Transcribe the listing exactly; drop the images.

Collected data:
──────────

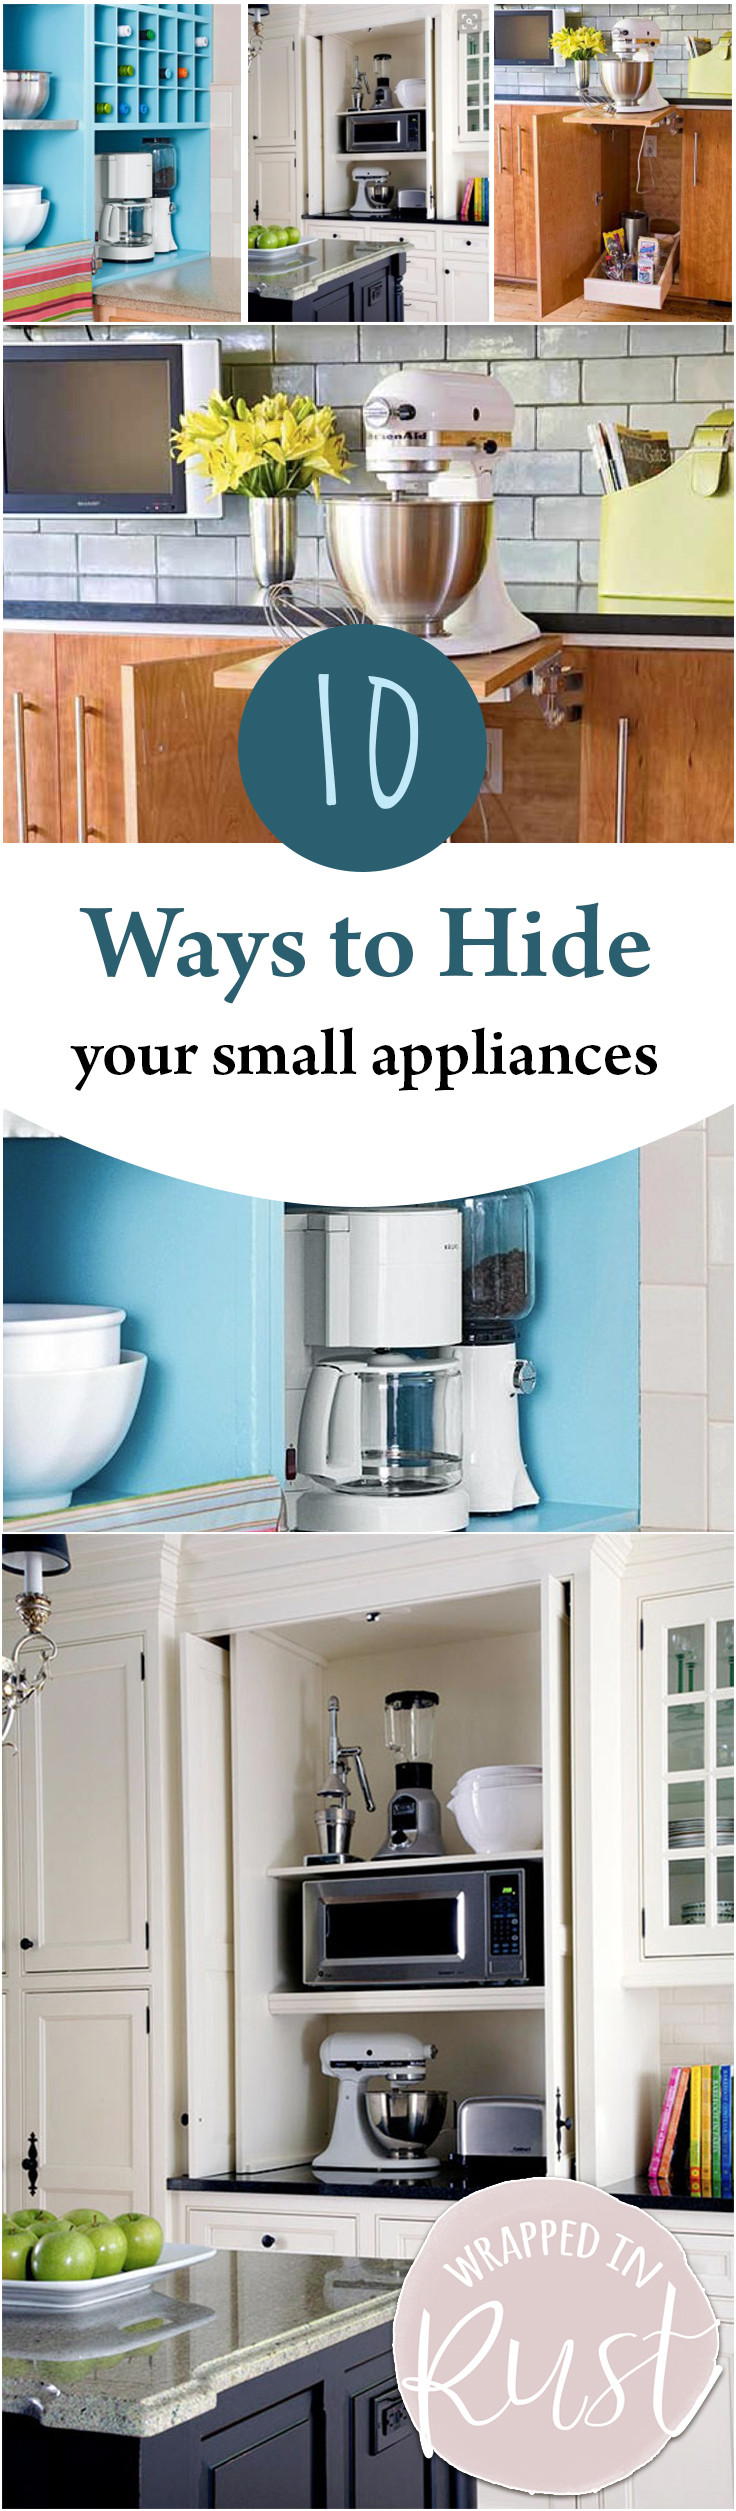 Kitchen Appliance Storage
 10 Ways to Hide Your Small Appliances Wrapped in Rust
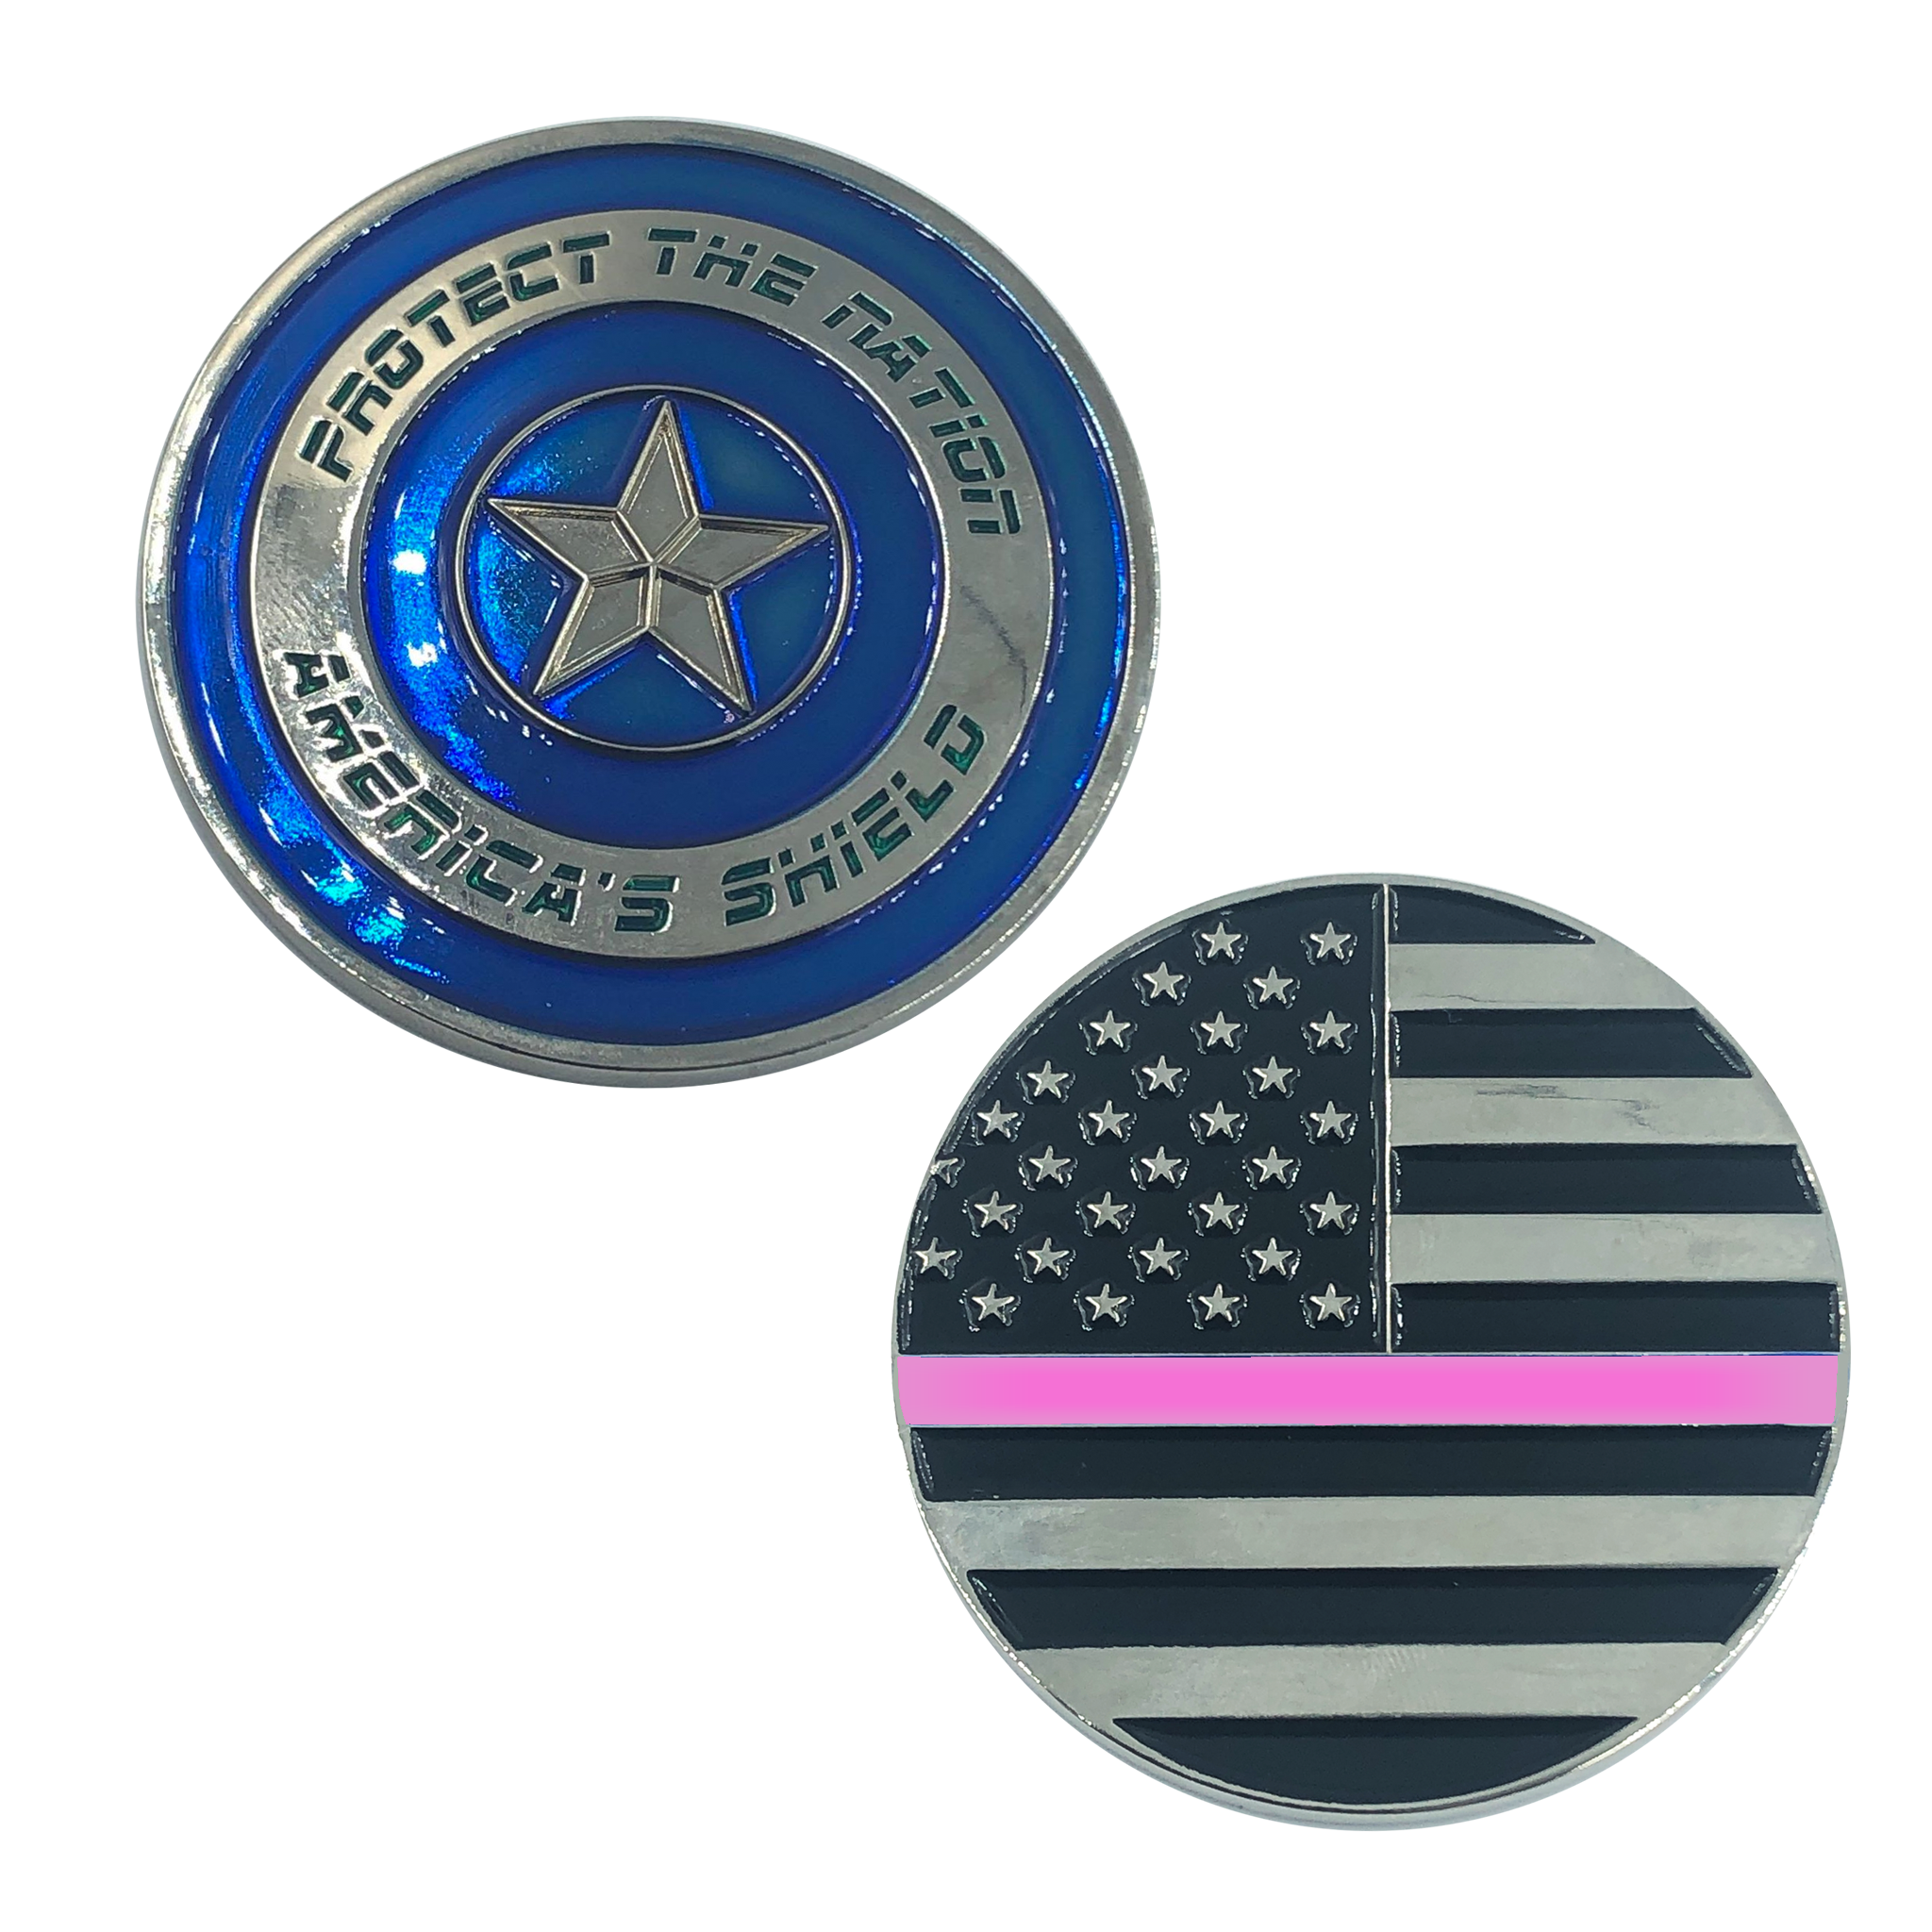 BL6-020 Thin PINK Captain America Shield Police BREAST CANCER AWARENESS CBP NYPD ATF LAPD Federal Agent

──────────

Response:
 Kitchen Appliance Storage
 10 Ways to Hide Your Small Appliances Wrapped in Rust
 BL6-020 Thin PINK Captain America Shield Police BREAST CANCER AWARENESS CBP NYPD ATF LAPD Federal Agent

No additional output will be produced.